* How to complete this task *
Restate each of the lines below word for word and drop every picture.

* Information provided *
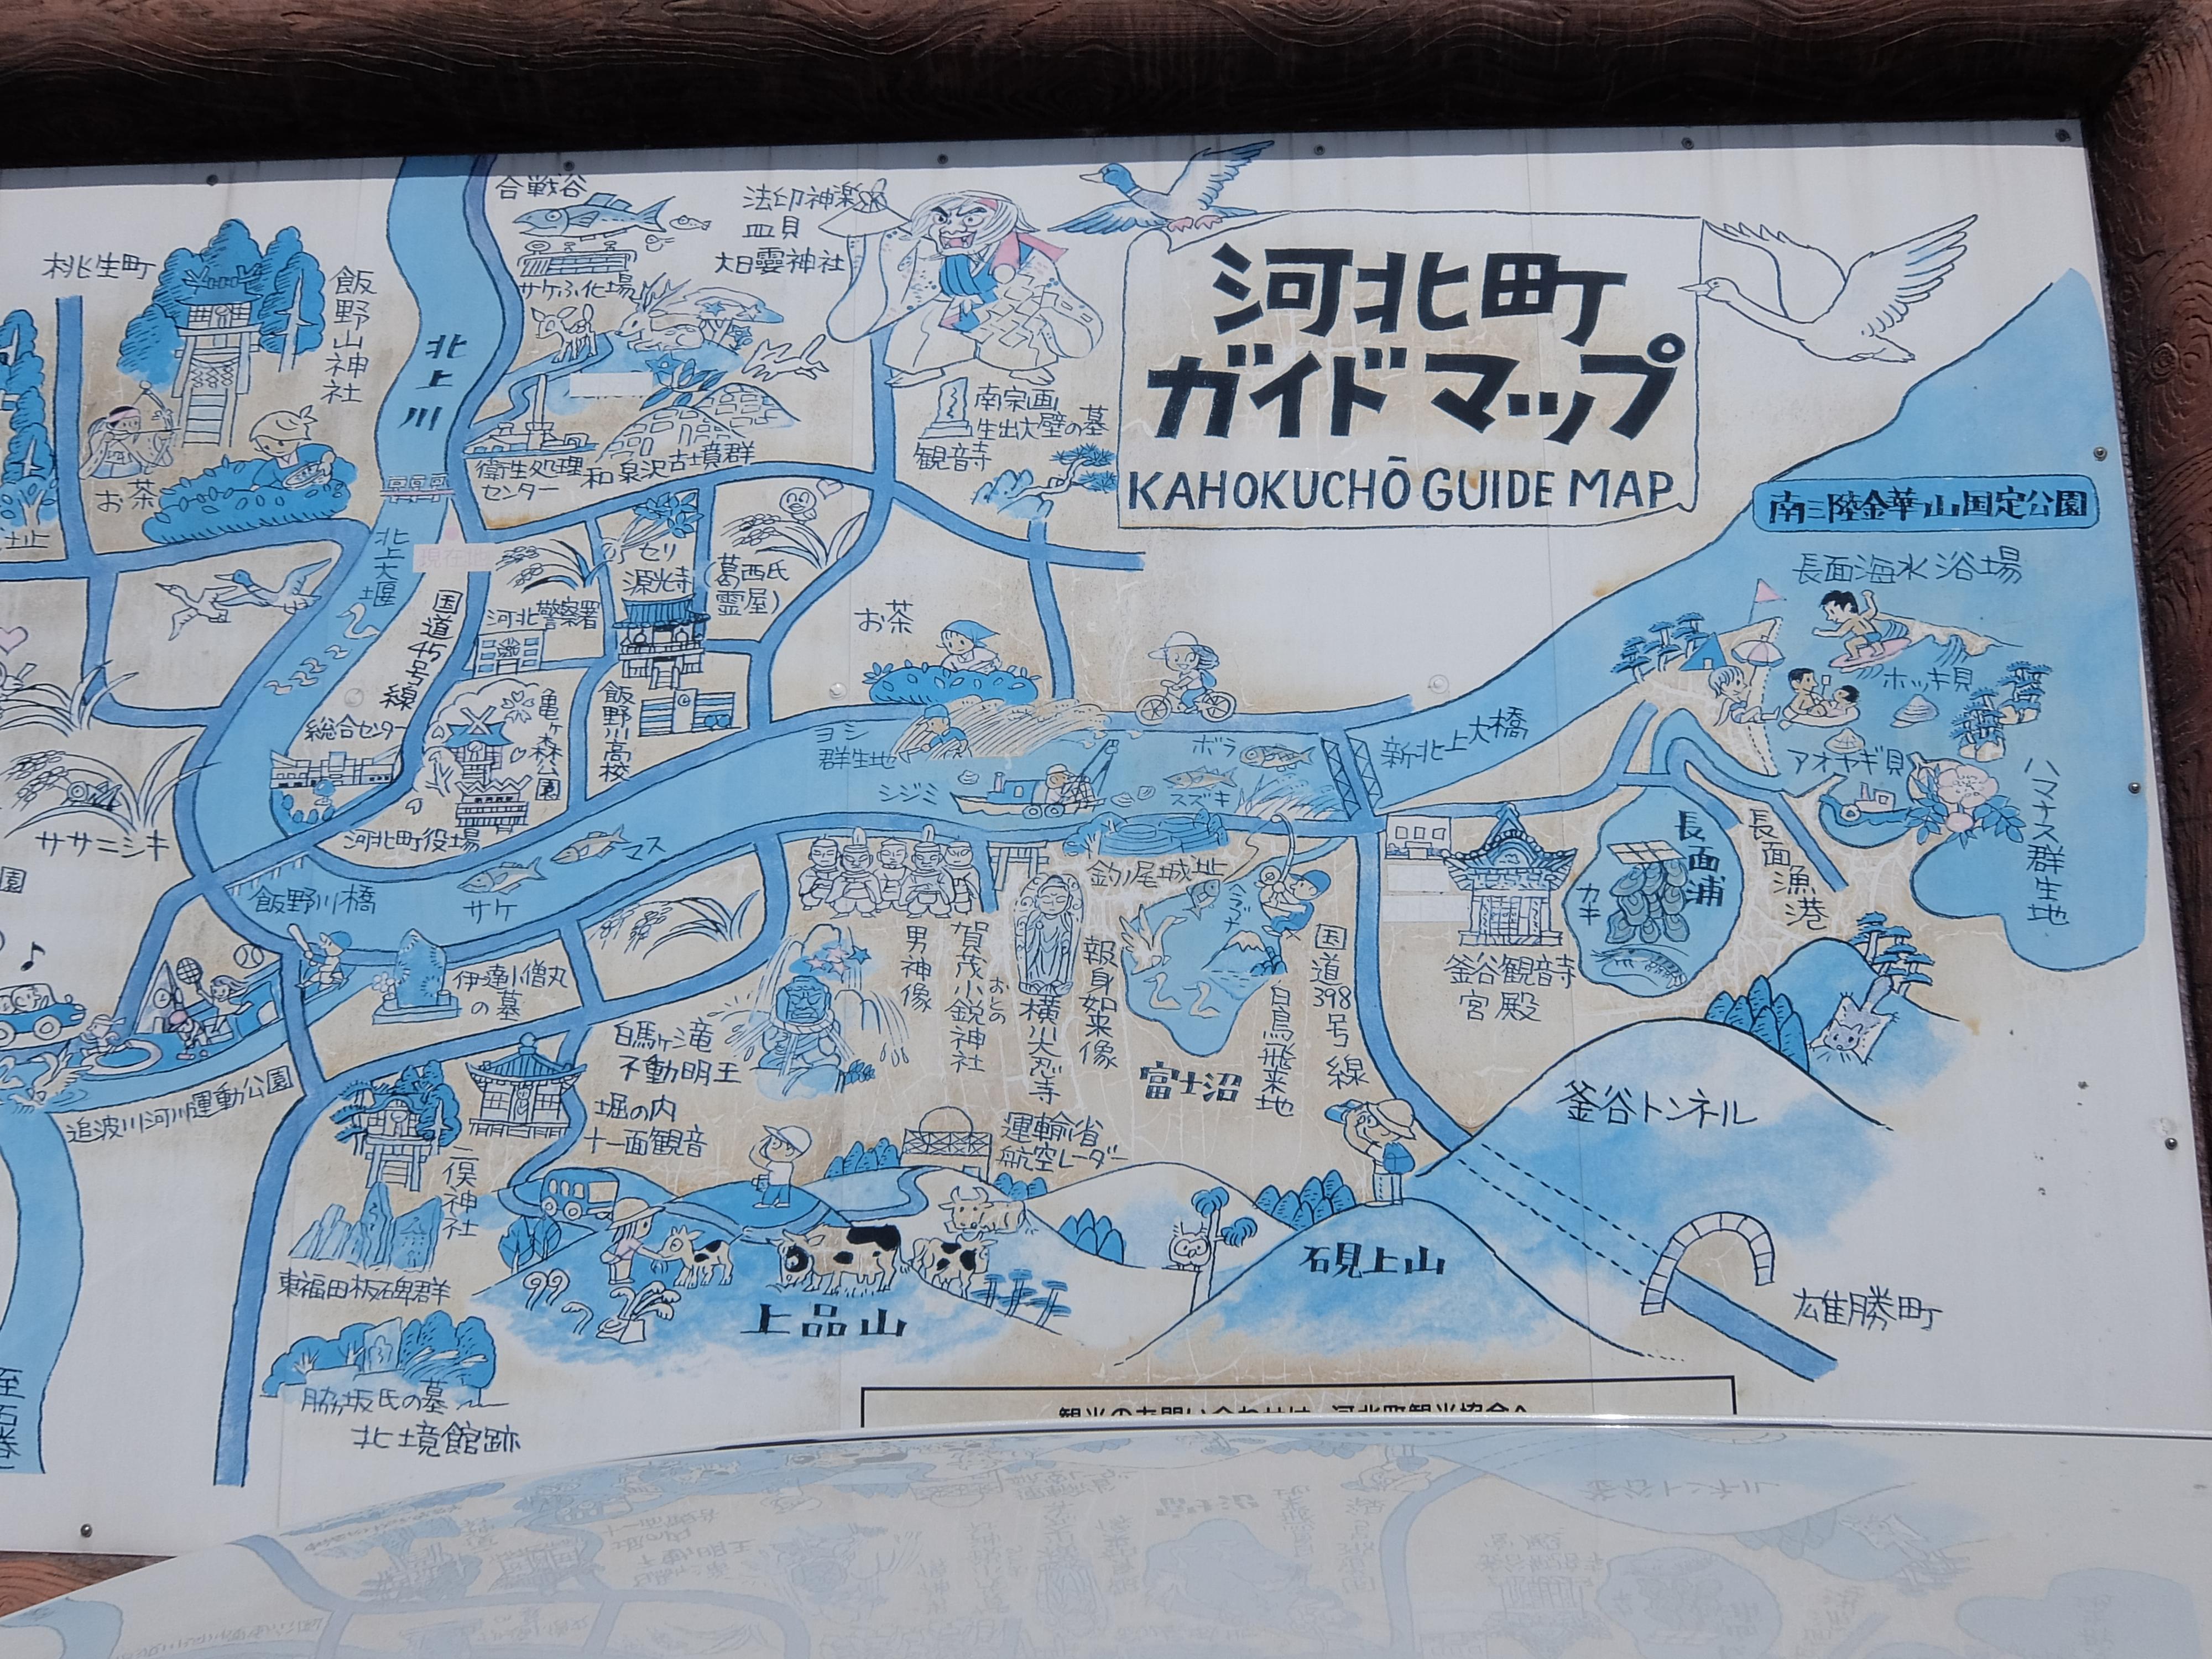 河北町 ガイド マップ
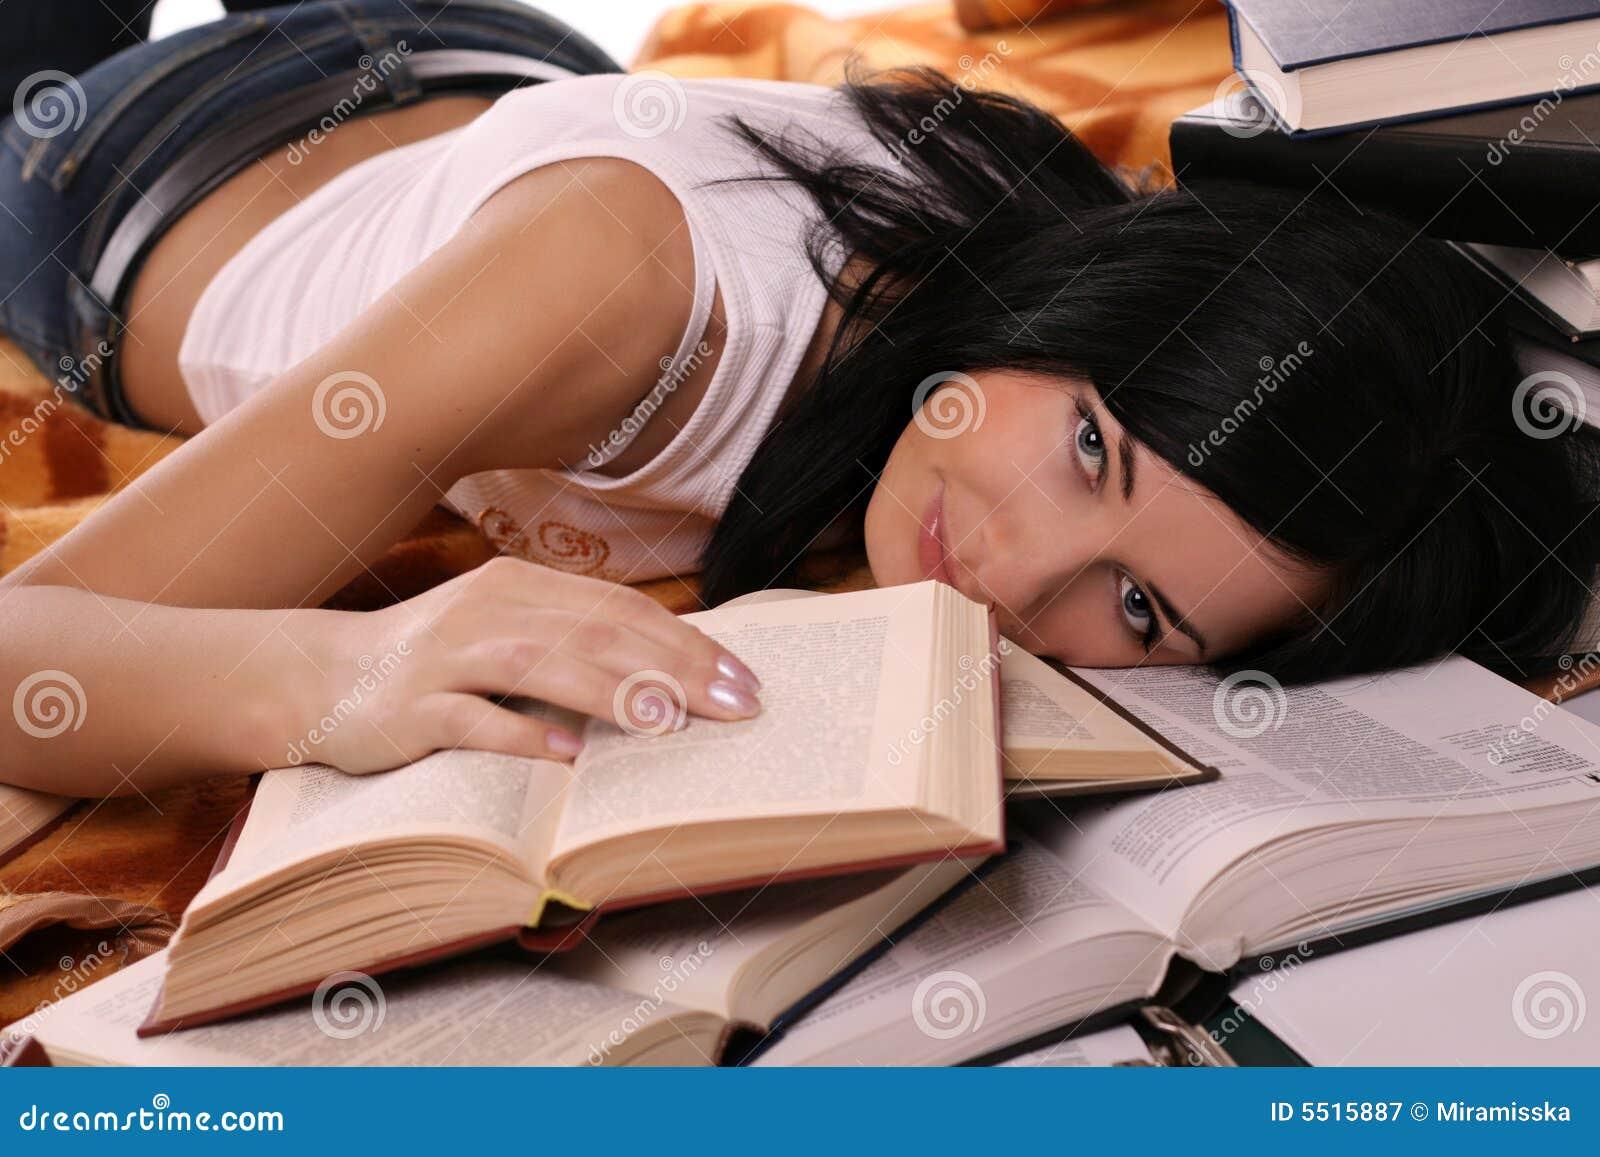 Студентки на экзамене онлайн 14 фотография
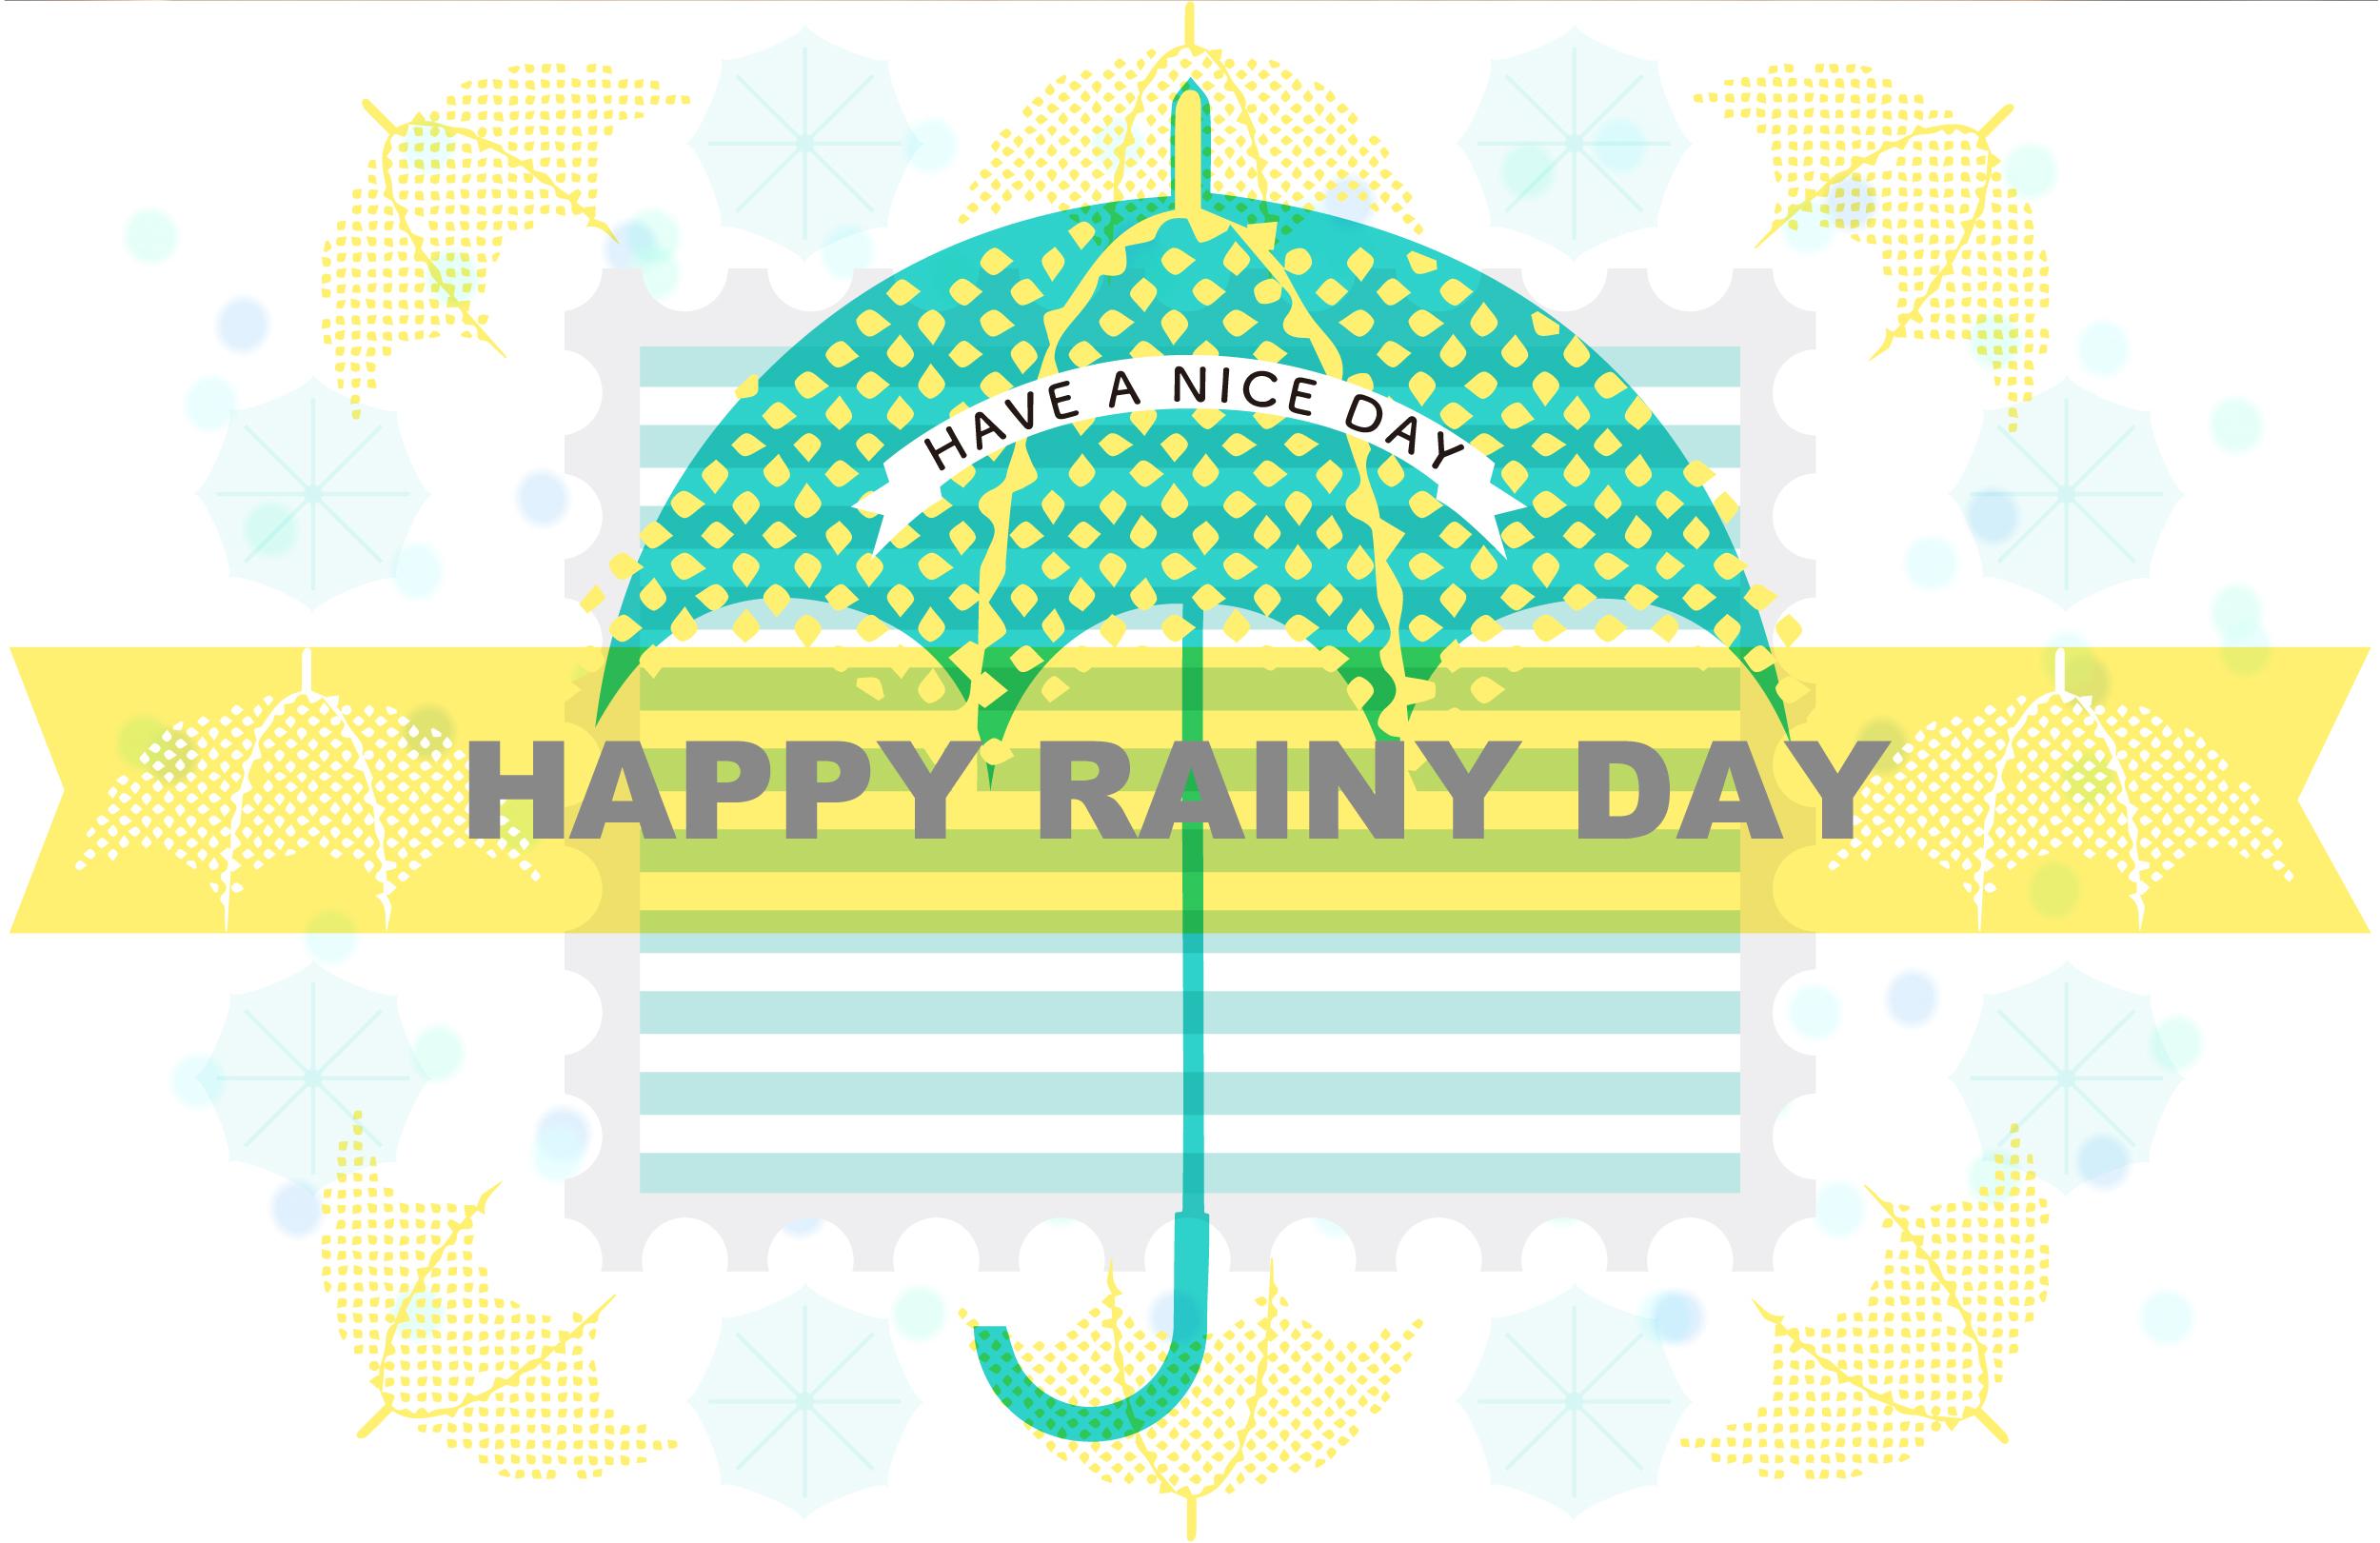 梅雨に向けてボリュームダウンキャンペーン開催中!!

* Result for this exercise *
 河北町 ガイド マップ
 Студентки на экзамене онлайн 14 фотография
 梅雨に向けてボリュームダウンキャンペーン開催中!!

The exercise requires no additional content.